The MSCI All-Country World Index fluctuated, trading near the highest level of the year. Futures on the Euro Stoxx 50 Index climbed 0.3 per cent.

The Topix index gained 1.1 per cent, with suppliers of Apple Inc climbing after better-than-expected sales from the iPhone maker. Minebea Co, which makes backlights for liquid crystal displays, soared 14 per cent in Tokyo. Hon Hai Precision Industry Co, which assembles Apple devices, rose 1.4 per cent in Taipei.

The Shanghai Composite Index tumbled 2.5 per cent, reversing an earlier gain as small-cap stocks sank, sending the ChiNext Index tumbling almost 5 per cent. The Shanghai gauge rallied 1.1 per cent Tuesday. Hong Kong's Hang Seng Index slipped 0.1 per cent, after reaching a high for the year on Tuesday. The Hang Seng China Enterprises Index was little changed.

Futures on the S&P 500 Index increased 0.2 per cent, while contracts on the Nasdaq 100 climbed 0.7 per cent as Apple shares jumped almost 7 per cent in after-market New York trading.

Apple's boost contrasted with an 11 per cent after-market slide in Twitter Inc, which forecast third-quarter revenue that fell short of analyst estimates.

Earnings have been in focus this week, with results from Mitsubishi Motors Corp. and Nintendo Co slated for release in Tokyo on Wednesday.

After a two-day, 1.4 per cent advance, the yen weakened to 105.57 per dollar.

Mr Abe's stimulus plan will include 13 trillion yen in "fiscal measures," according to Jiji News, without specifying what that meant. There was no report of how much of the package would be new spending. Mr Abe, speaking in the southern city of Fukuoka on Wednesday, said the package would be compiled next week, Kyodo said.
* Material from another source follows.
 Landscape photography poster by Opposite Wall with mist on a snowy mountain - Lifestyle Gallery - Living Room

Japan's Topix stock index has risen more than 9 per cent since the election victory and the yen has weakened almost 5 per cent amid anticipation over the plan. The stimulus plan comes ahead of the BOJ's policy meeting that ends Friday.
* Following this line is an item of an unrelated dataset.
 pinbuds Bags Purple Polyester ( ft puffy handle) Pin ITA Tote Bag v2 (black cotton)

"The key is whether the BOJ will surprise us again on Friday," Alex Wong, director of asset management at Ample Capital in Hong Kong, said on Bloomberg Radio's First Word Asia program.

"The Japanese central bank has surprised the market several times in the past few years so they are a little bit unpredictable."
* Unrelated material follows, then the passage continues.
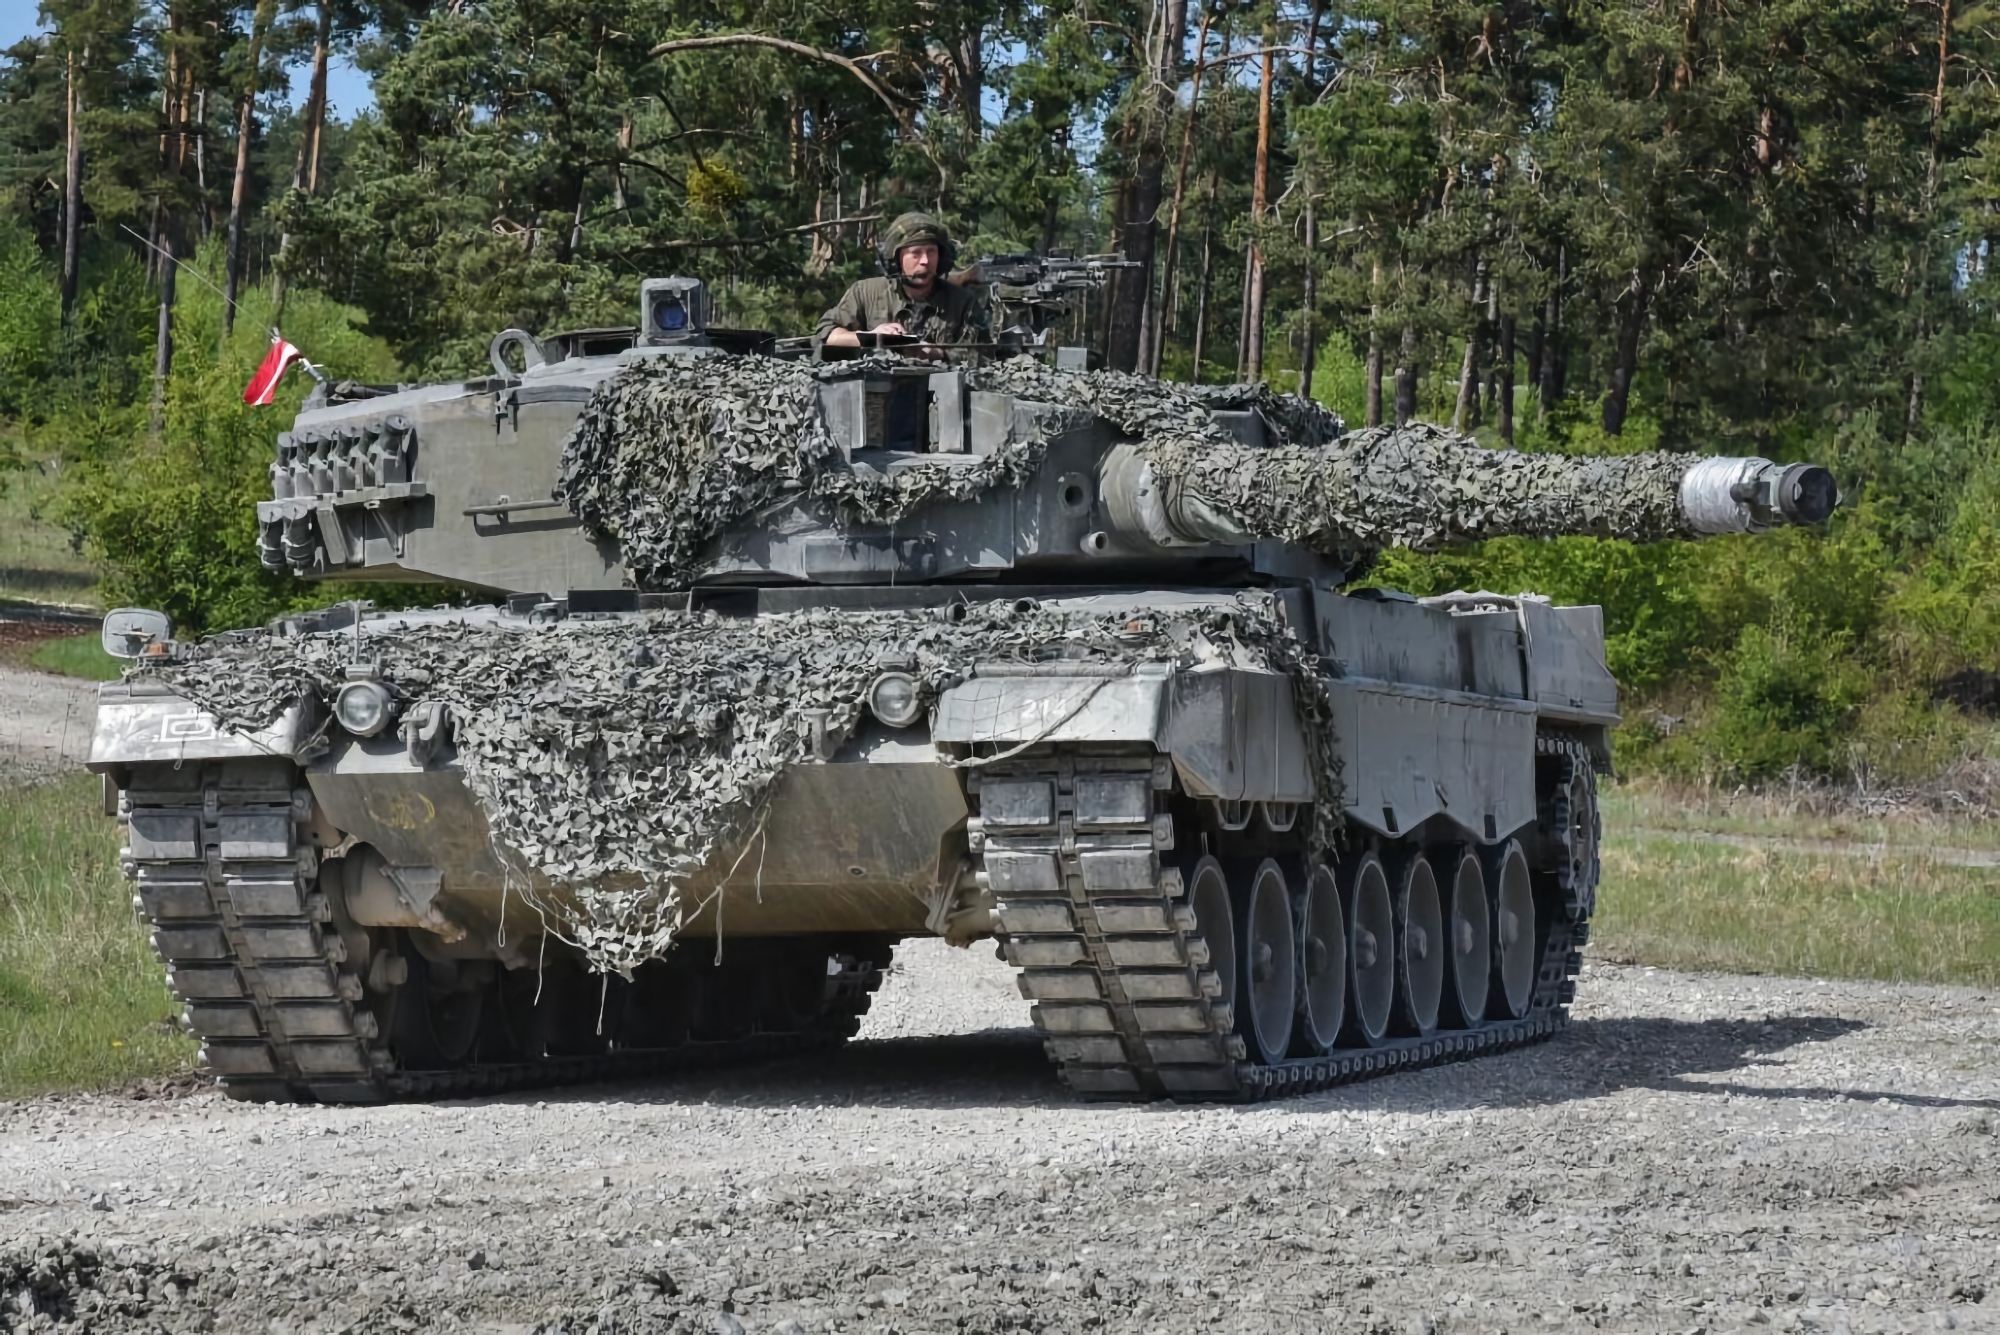 Official: Spain will transfer 6 Leopard 2 tanks to Ukraine

The Australian dollar jumped, then erased gains, after data showed inflation quickened. The currency dropped 0.3 per cent after rallying as much as 0.9 per cent. The trimmed mean gauge of consumer prices rose 0.5 per cent in the quarter ending June from the previous three months, the statistics bureau reported.

Australia's central bank, in its minutes of its July meeting, signaled it was keeping its policy options open. Policy makers, who left the benchmark cash rate unchanged at a record low of 1.75 per cent last month, make their next decision on borrowing costs on Aug. 2.

"The lift in the Australian dollar quickly faded because there is still a reasonable risk of a RBA rate cut next week," said Joseph Capurso, a senior currency strategist in Sydney at Commonwealth Bank of Australia. Commentary after the Fed meeting "is more important for the short-term Aussie outlook. The Fed risks being more optimistic than their June statement, and that could help push the Australian dollar lower into the week's end."

New Zealand's currency fell 0.2 per cent. The Bloomberg Dollar Spot Index, a gauge of the greenback against 10 major peers, added 0.1 per cent following Tuesday's 0.3 per cent drop.

West Texas Intermediate crude slipped 0.3 per cent, extending losses at its lowest price since April 25 as industry data indicated supplies at the main Cushing oil hub in the US rose to a seasonal record.

"The general driver behind the negativity seems to be the excess crude and gasoline stockpiles," Angus Nicholson, a markets analyst at IG Ltd in Melbourne, said by phone.

"The market is very much in a down trend and it doesn't look like it's going to reverse at the moment. There is some key technical support around US$40 a barrel."

Gold for immediate delivery, regarded as a haven along with the yen and government bonds, declined 0.2 per cent to US$1,325.80, falling for the third time in four days.